3. Pas de bête qui n'ait un reflet d'infini; Pas de prunelle abjecte et vile que ne touche L'éclair d'en haut, parfois tendre et parfois farouche; V. Hugo, La Légende des siècles,t. 2, 1859, p. 732.
4. D'ailleurs le cachet de sa puissance est là aussi, et la titanique sentine de Paris réalise, parmi les monuments, cet idéal étrange réalisé dans l'humanité par quelques hommes tels que Machiavel, Bacon et Mirabeau : le grandiose abject. V. Hugo, Les Misérables,t. 2, 1862, p. 509.
5. Ne considérais-tu pas l'humanité, telle qu'elle est encore, prosternée, vautrée, comme abjecte? A. Gide, Journal,1941, p. 65.
B.− Employé comme adj. subst. :
6. Au fond, poursuivit-il, en souriant, il y avait déjà la démonstration par l'absurde, mais celle-ci pourrait s'intituler la démonstration par l'abject, car si le mystère eucharistique est sublime, il n'en est pas de même du spiritisme qui n'est, en fin de compte, que la latrine du surnaturel, que le goguenot de l'au-delà! J.-K. Huysmans, En route,1895, p. 175.
7. En vain j'essaie de comprendre comment il se peut qu'un artiste (Rouault) qui est exactement le contraire d'un ignorant et d'un abject − le seul, peut-être, qui fasse penser encore un peu à Rembrandt − se voit voué à cette caricature abominable où se dégrade mortellement, en sa personne, la plus virile peinture de notre temps. L. Bloy, Journal,1907, p. 347.

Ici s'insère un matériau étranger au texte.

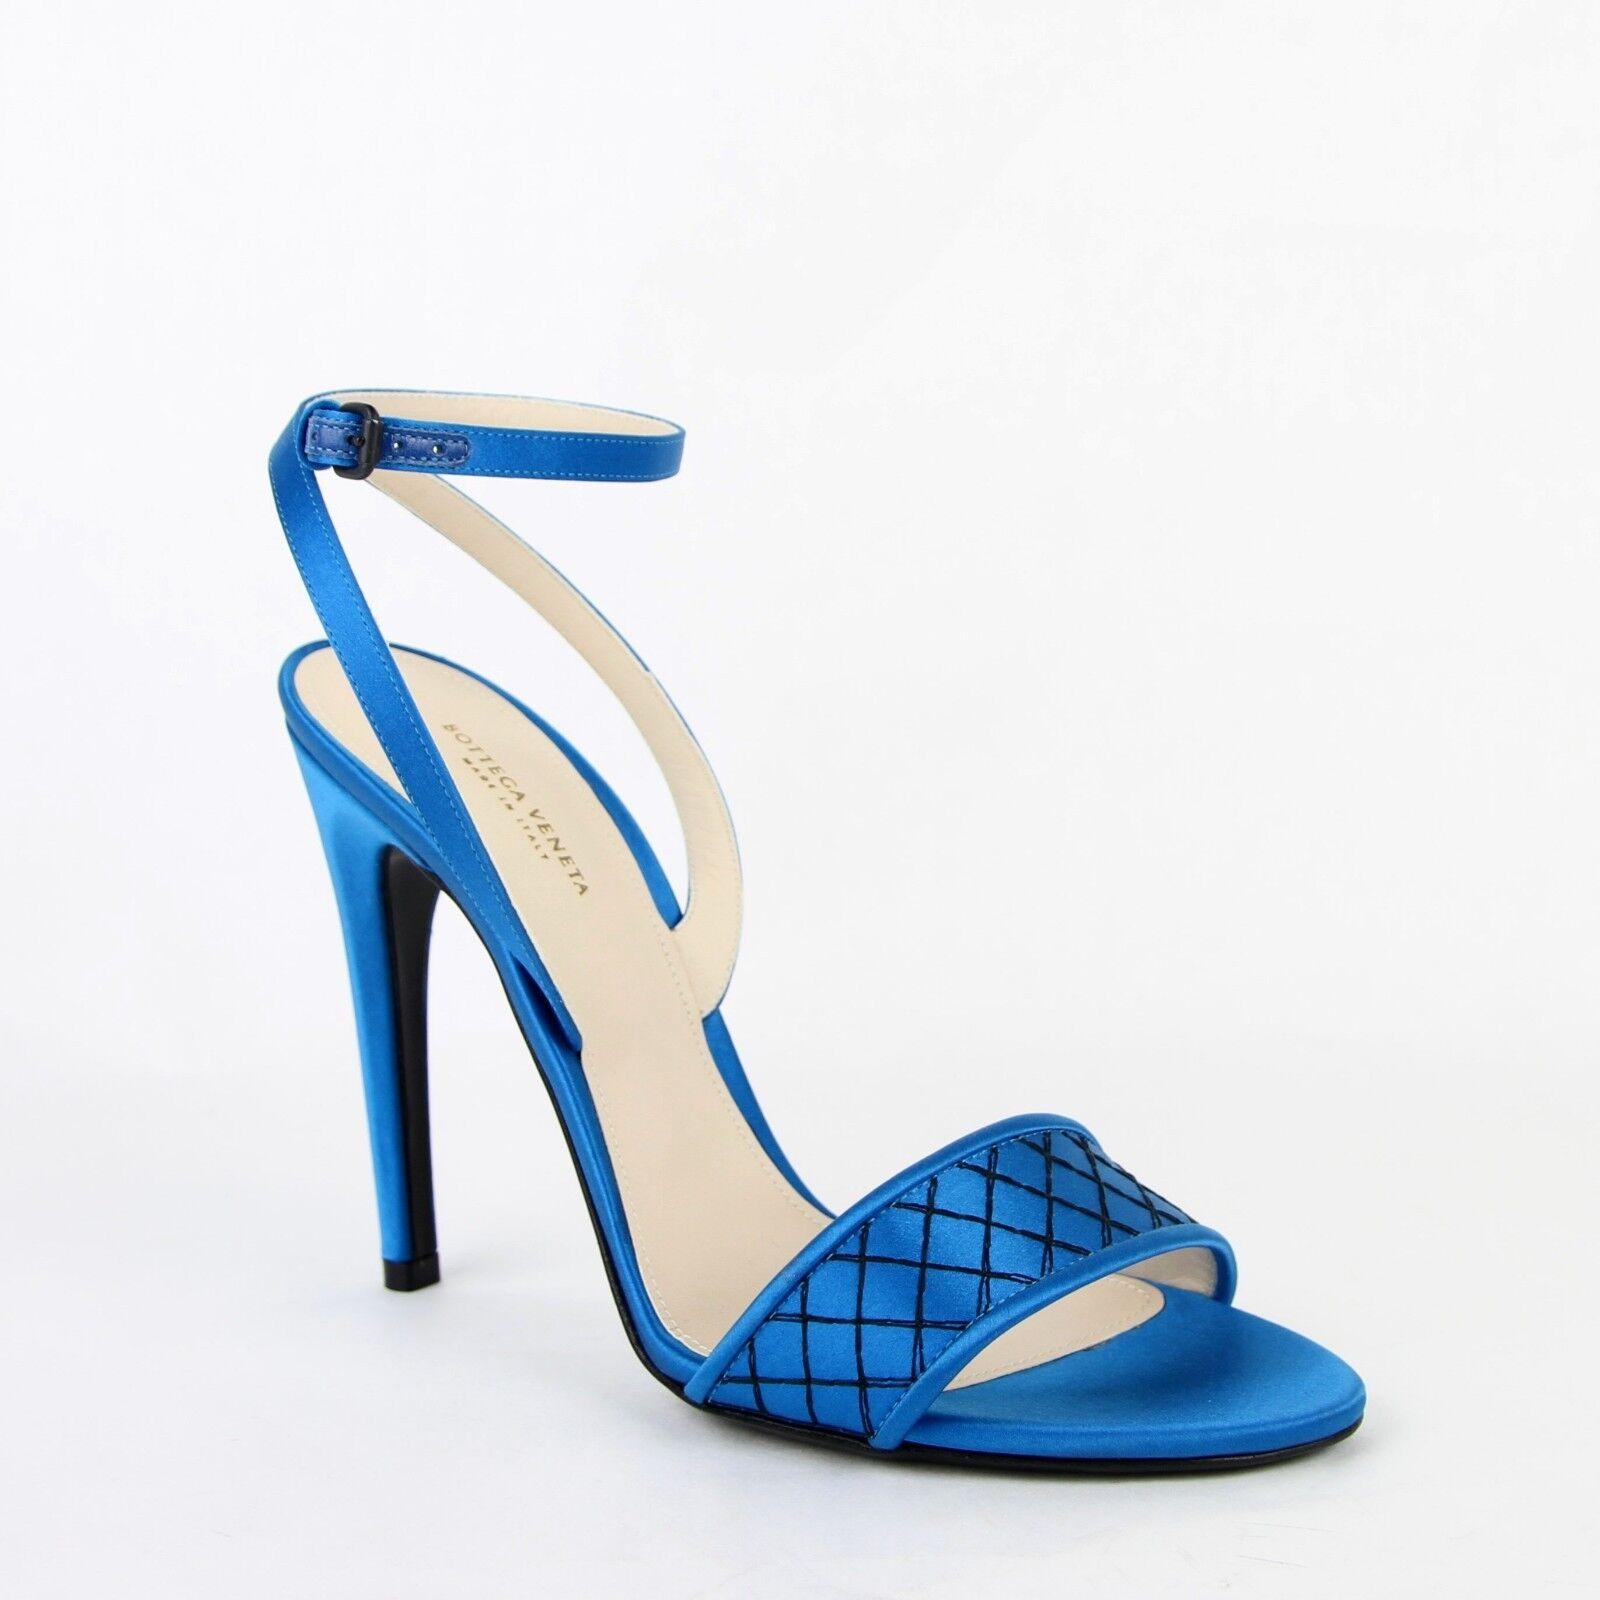 spedizione gratuita  650 New Bottega Veneta donna Teal Teal Teal Satin Ankle Strap Heels 40 US 10 428970 4321  compra meglio
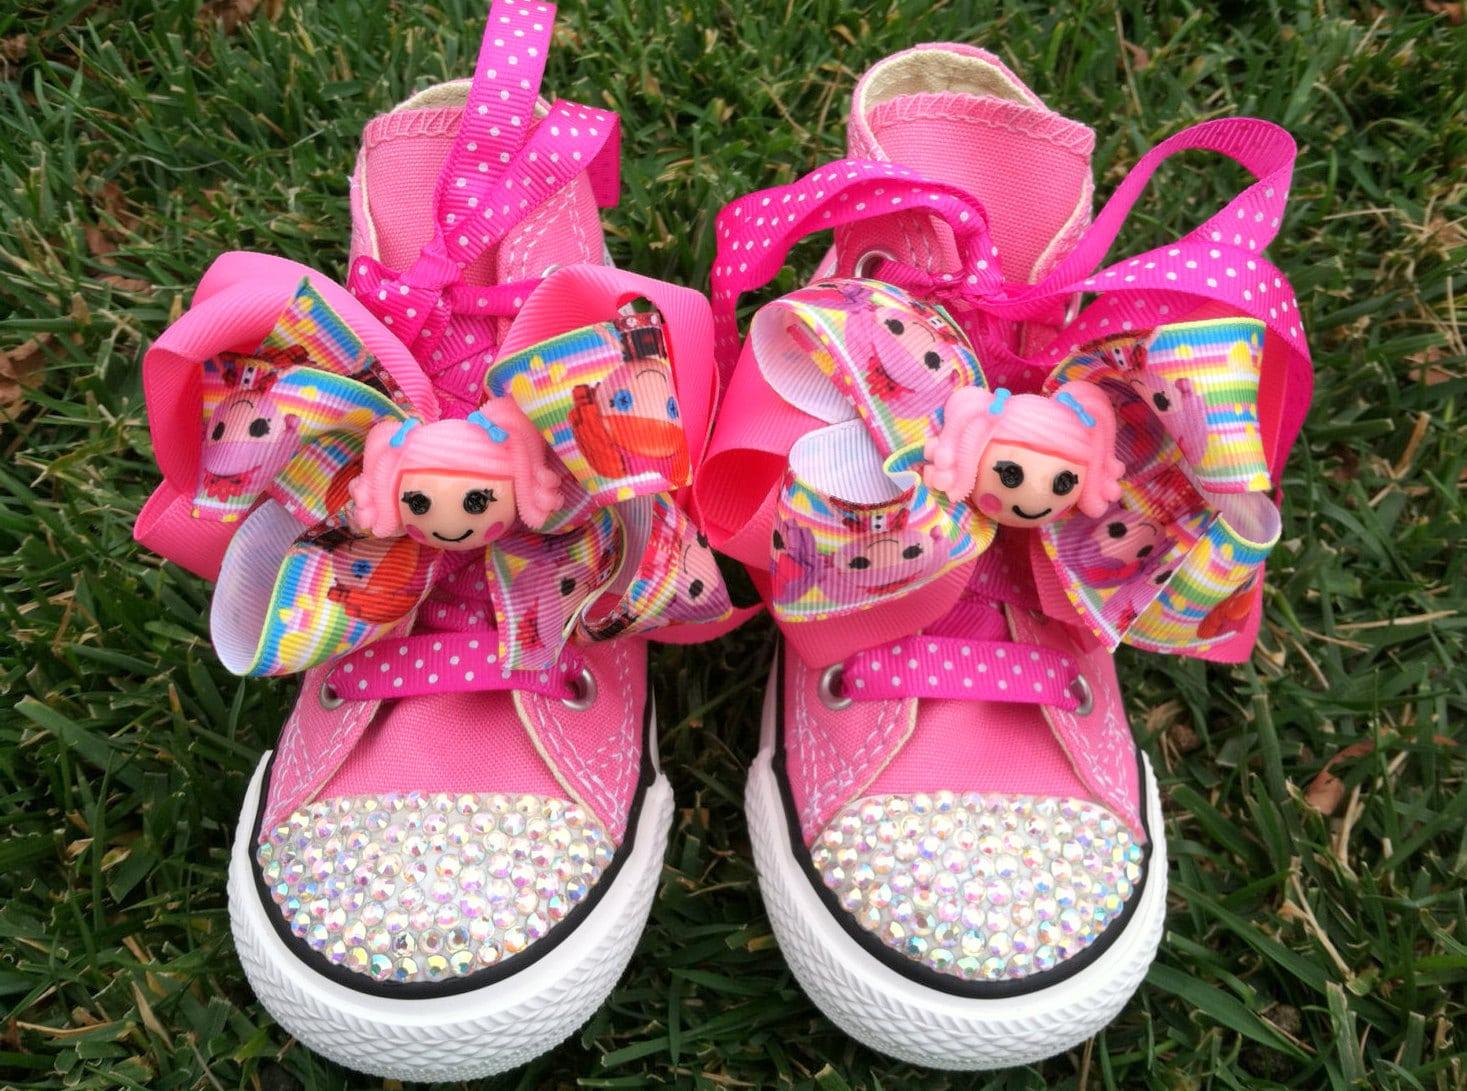 Latest Minnie Mouse Shoes Design

Rem. Les 2 ex., qui relèvent de séries synon. font apparaître un emploi masc. (ex. 7) et un emploi neutre (ex. 6).
II.− Sens social sans nuance péj. Humble, modeste :
8. Dans ces quartiers presque populaires, quelle existence modeste, abjecte, mais douce, mais nourrie de calme et de bonheur, il eût accepté de vivre indéfiniment! M. Proust, À la recherche du temps perdu,Du côté de chez Swann, 1913, p. 219.
Rem. Cette accept. est attestée par un seul ex. propre à « la langue classique et littéraire » (cf. Lar. encyclop.).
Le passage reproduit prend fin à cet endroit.